Friday, November 14, 5:00 to 6:30pm, Property: Hyatt Regency Seattle, Floor: 7th Floor, Room: 710 - Regency Ballroom

Abstract

The demand for special education teachers has been steadily increasing, yet there is a significant shortage, particularly in schools with a high percentage of low-income and minority students (Billingsley & Bettini, 2019; Boyd et al., 2003; Hanushek, Kain, & Rivkin, 2004; Mason-Williams et al., 2019; Peyton et al., 2021). According to compensating wage differential models, qualitative job characteristics such as safety, working conditions, and the proportion of nonwhite students can influence teachers' decisions to work at certain schools (Boyd et al., 2003; Chambers, 1981; Goldhaber et al., 2010; Levinson, 1988; Martin, 2010; Rosen, 1974). Poor working conditions are a major driver of teacher turnover and can significantly hinder the effectiveness of special education instruction (Albrecht et al., 2009; Bettini et al., 2016; Johnson, Kraft, & Papay, 2012; Mason-Williams et al., 2019; Simon & Johnson, 2015). 
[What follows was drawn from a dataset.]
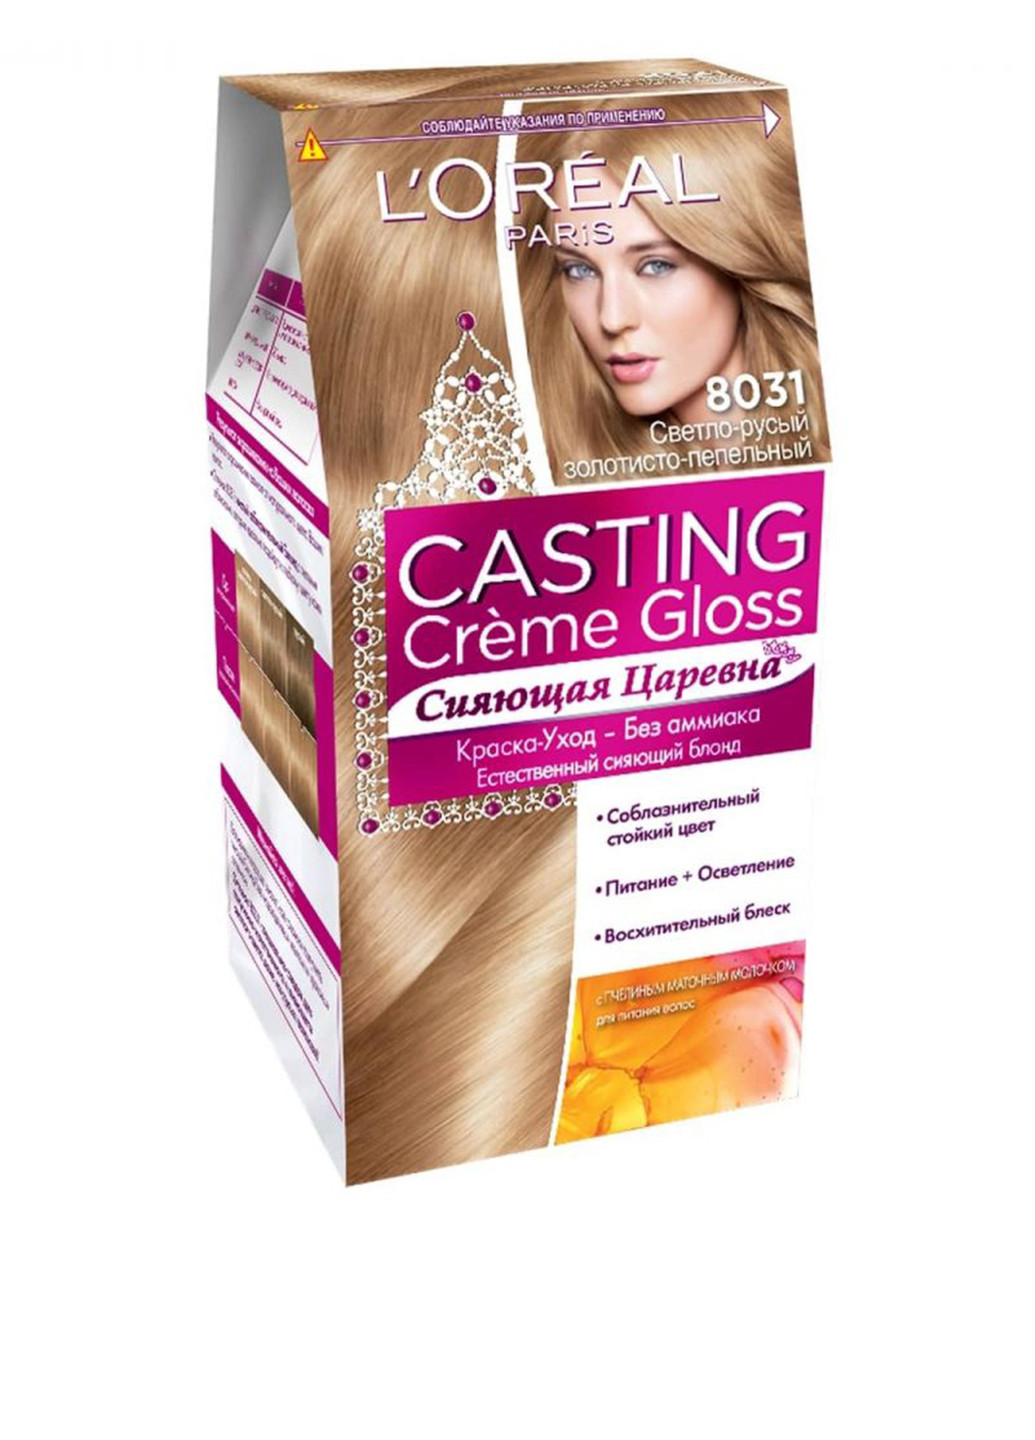 Краска для волос L'oreal Casting Creme Gloss 8031 Светло-русый золотисто-пепельный L'Oreal Paris (88091907)
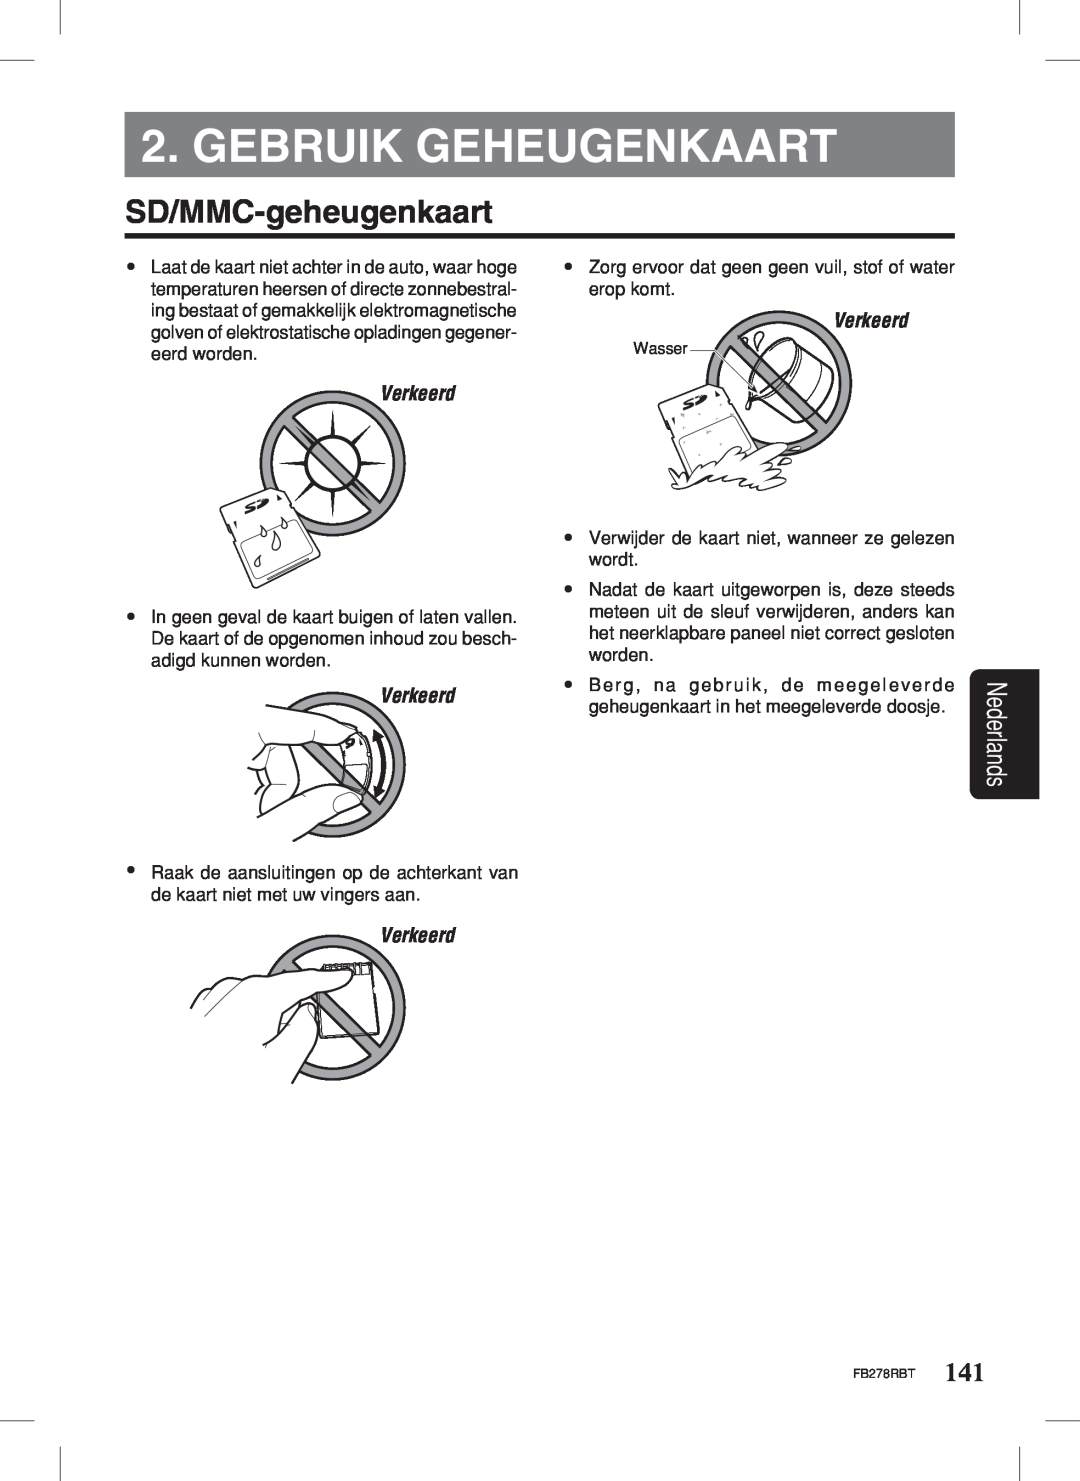 Clarion FB278RBT manual Gebruik Geheugenkaart, SD/MMC-geheugenkaart, Verkeerd, Nederlands

Our study focuses on the following three research questions: (1) How does the current salary structure compensate special education teachers working in schools with higher proportions of economically disadvantaged, minority, special education, or limited English proficient students (LEP)? How does this compensating wage differential evolve over time? (2) To what extent do student demographics such as higher proportions of low-income, minority, special education, or LEP, reflect the broader challenges in working conditions, including student tardiness, absenteeism, and lack of parental involvement? (3) How do compensating wage differentials for all teachers, including special education teachers, vary based on working conditions as identified through the principal component analysis from Research Question 2? 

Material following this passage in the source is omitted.